Тут он оборачивается и замечает, что трое остальных тоже вошли в комнату и сидят на ковре полукругом. Их позы и лица выражают прежнюю наблюдательность и ожидание какой-нибудь интересной выходки с вашей стороны, словно вы фокусник.
Такое поведение малышей конфузит старшего брата перед гостем, и он повелительно приказывает им выйти из комнаты. Они слишком хорошо воспитаны, чтобы спорить: не произнеся ни единого звука, они вскакивают и моментально бросаются все вместе на него. Вы видите только четыре пары рук и ног, мелькающих во всех направлениях. Ни слова не слышно из этой копошащейся кучи: таков, вероятно, этикет, выработанный любителями раннего вставания. Если на вас есть какой-нибудь спальный костюм, вы вскакиваете, и возня увеличивается вдвое; если же вы любите спать с удобством, то приходится оставаться под одеялом и делать строгие замечания, на которые детвора не обращает ни малейшего внимания.
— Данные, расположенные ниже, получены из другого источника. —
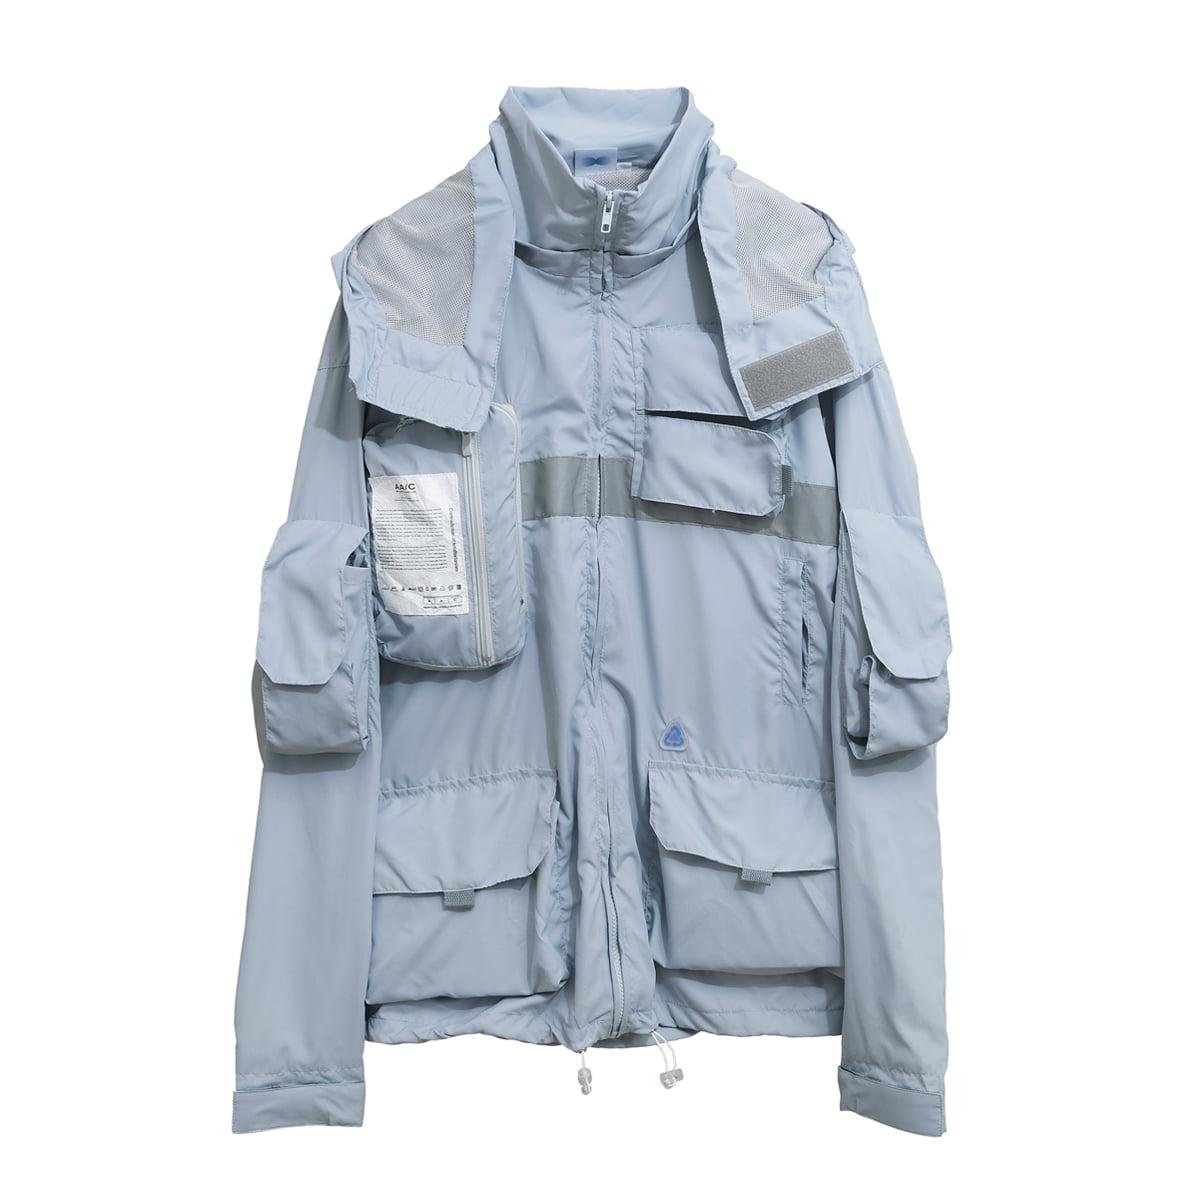 0.20 Smock Jacket (sky blue)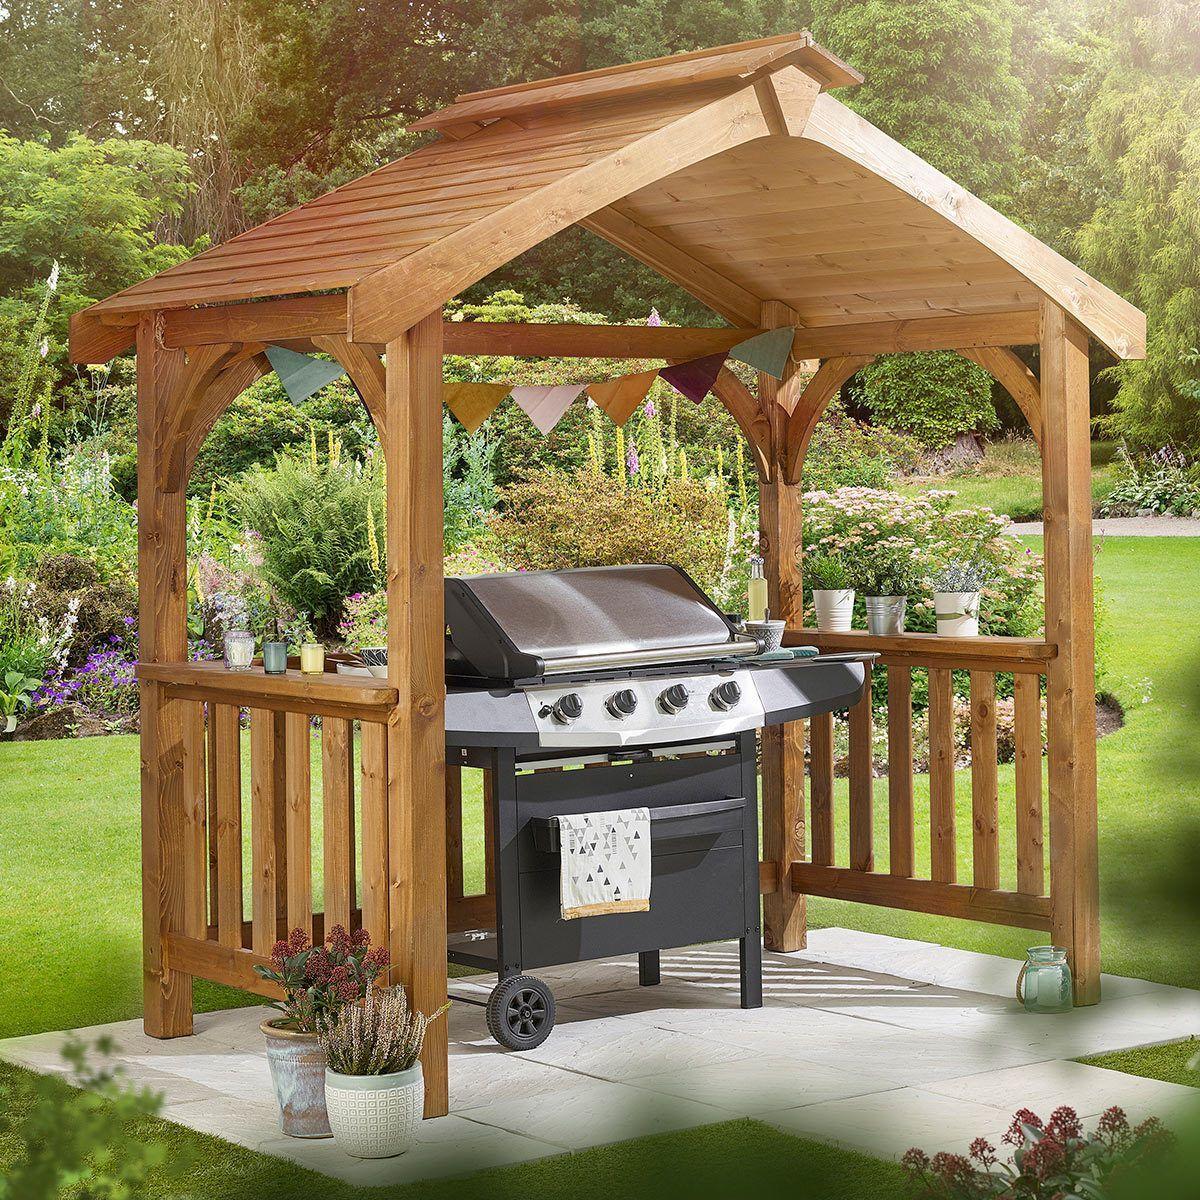 Anchor Fast Pine Wood Bbq Grilling Pavilion Costco Uk Pergola

Через некоторое время старший мальчик выпроваживает остальных из комнаты и затворяет за ними дверь; но моментально дверь отворяется снова, и в комнату как шар влетает Муриэль: у нее большие волосы и она зацепилась ими за замок. Она сама ненавидит их и, схватив одной рукой, другой начинает с ожесточением выдергивать их из замка. Брат помогает ей выпутаться и затем ловко орудует головой сестры, как холодным, но крепким оружием против осаждающего извне неприятеля. Решительное средство действует, и вы слышите поспешный топот шести убегающих ног. Победитель возвращается на свое место, к вам на кровать. Он нисколько не рассержен и уже забыл свою возню.
— Я больше всего люблю утро, — говорит он мечтательно.— А вы?
— Да, иногда... Утро не всегда бывает спокойно.
Мальчик не обращает внимания на условность ответа. По его личику пробегает задумчивое выражение и он говорит:
— Я бы хотел умереть утром. Утром все так красиво!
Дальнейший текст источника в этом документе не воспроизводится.